“The more we do it, the more awake we become.”
That's how Sandra Lopez describes the benefits of the slow-sex practice she advocates. Lopez, a sexuality and relationships coach who discovered the slow-sex practice in 2013, is now a leader in South Florida’s orgasmic meditation (OM) community. Despite the "orgasmic" term and the fact that OM sessions might sound like low-key orgies to newcomers, she makes one thing clear: “It’s sexual, but it’s not sex.”
Lopez runs a bimonthly program called TurnOn South Florida in Palm Beach County where she introduces the concept of OM to new students. “I teach orgasm and not climax,” she explains.
In the OM practice, a woman lies on a mat naked from the waist down, legs butterflied out. A fully clothed man strokes the upper left quadrant of her clitoris for 15 minutes under a strict code of conduct, with etiquette rules, safe words, and respect. The OM practice usually takes place in an OM circle, alongside other participants, although a couple can do it privately at home. Though the original OneTaste philosophy focuses on female orgasm, there are now stroking practices for all genders.
“He’s stroking the clitoris without a goal,” Lopez explains. “You’re going to allow yourself to feel and see what’s going on in your body.”
Lopez first learned about the OM practice while cohosting a weekly Social Chats South Florida podcast about health and wellness with Tonya Scholz. They’d been talking a lot about oxytocin, the feel-good, love hormone, and their guest was a gynecologist who discussed orgasmic meditation as a treatment option for patients suffering from sexual trauma. Lopez became intrigued. Her curiosity led her to an OM conference in San Francisco, follow-up classes in New York City, and a ten-month coaching program in California.
For Lopez, the journey of discovering a deeper power in orgasm has been life-changing. Today she harnesses and incorporates it into a healthy physical and spiritual lifestyle. “Having been in a divorce, I started to build this wall and couldn’t have functional relationships with men,” she says. “I was searching for a better way to connect with men, something deeper, something more than just a sexual relationship.”
The OM practice is based on founder Nicole Daedone’s seminal and revolutionary approach to female orgasm, which she launched as a program called OneTaste in 2004. Orgasmic meditation helps women connect their orgasms to a mindful state of being instead of just a typical, goal-oriented sexual release. In a 2011 TEDx talk, Daedone claimed it’s a cultural, not medical issue that prevents women from exploring their deeper selves through orgasm. According to Daedone, “turned-on” women — the namesake of Lopez’s OM meetup — have the capacity to change the world.

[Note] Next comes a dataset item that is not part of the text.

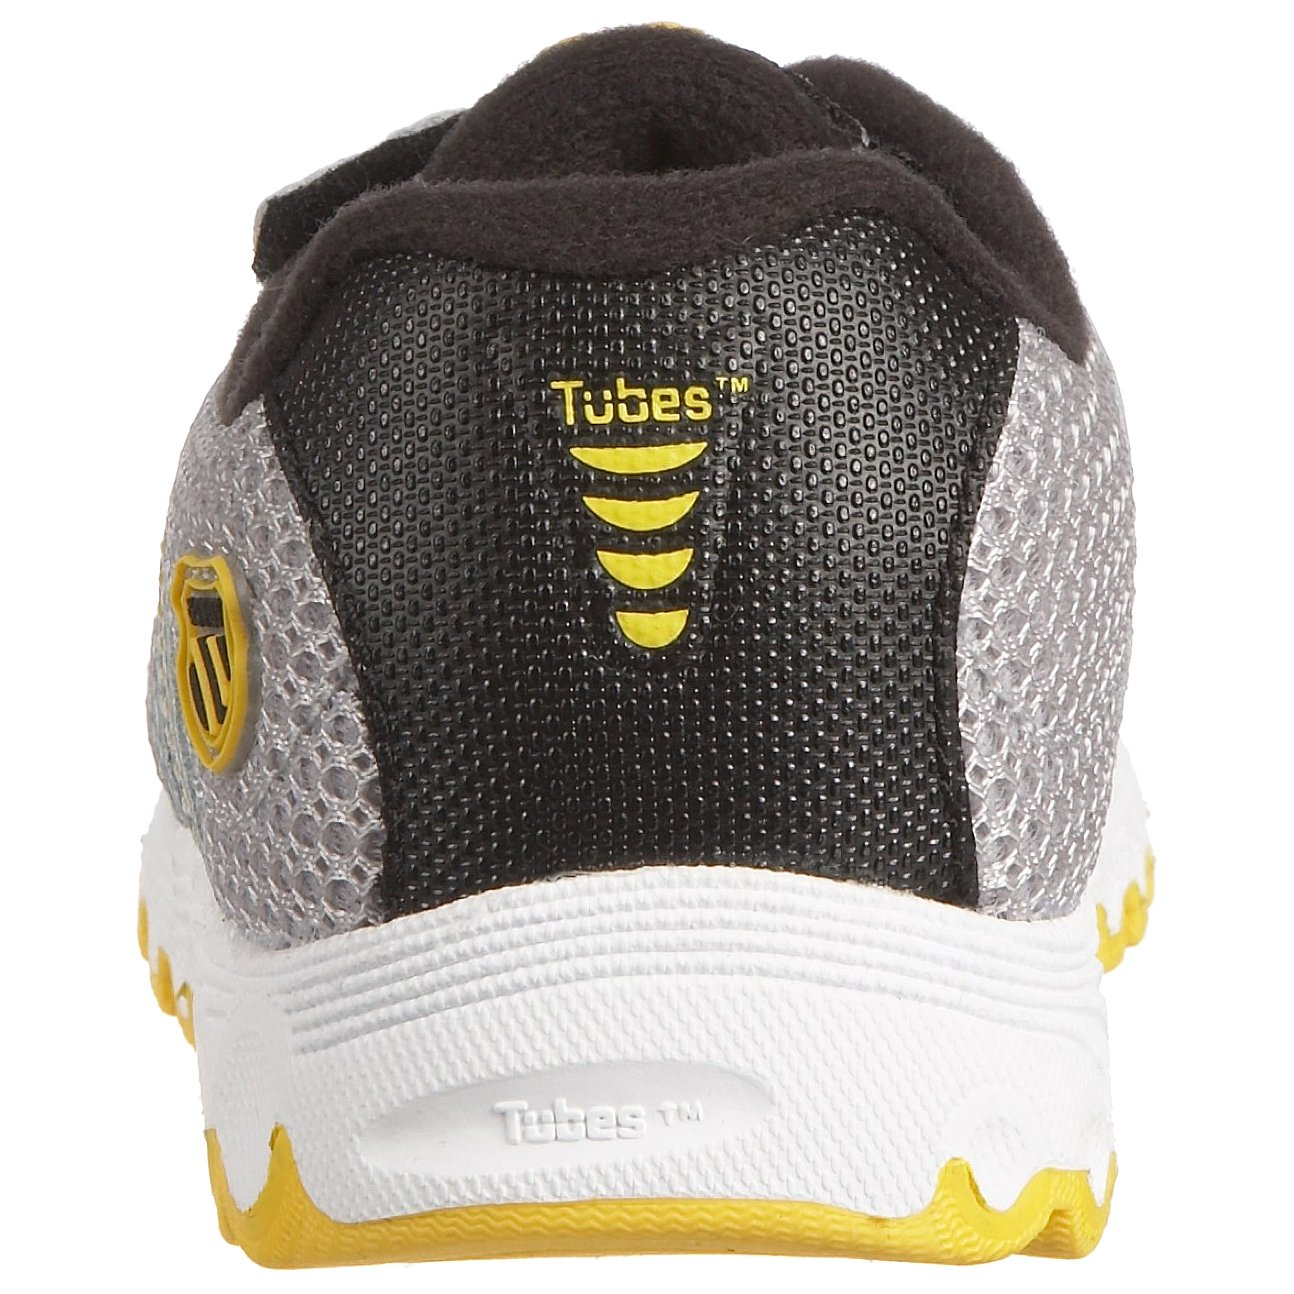 Infant//Toddler K-Swiss 22443 Tubes Run 100 VLC Mesh Running Shoe

Lopez, who is in a relationship but has a regular, separate stroke partner and often practices with other strokers, says it’s not about sex but rather an exchange of energy and an opportunity for a woman to pay attention, surrender, and reclaim the birthright of orgasm. “The more I practice, it’s easier for me to feel safe in my truth,” she says. “People will hide. They feel that they have control by being introverted and numbing themselves in the hurt. When you surrender and come out of control, you don’t need to hide. You feel safer. It touches a deeper side of you.”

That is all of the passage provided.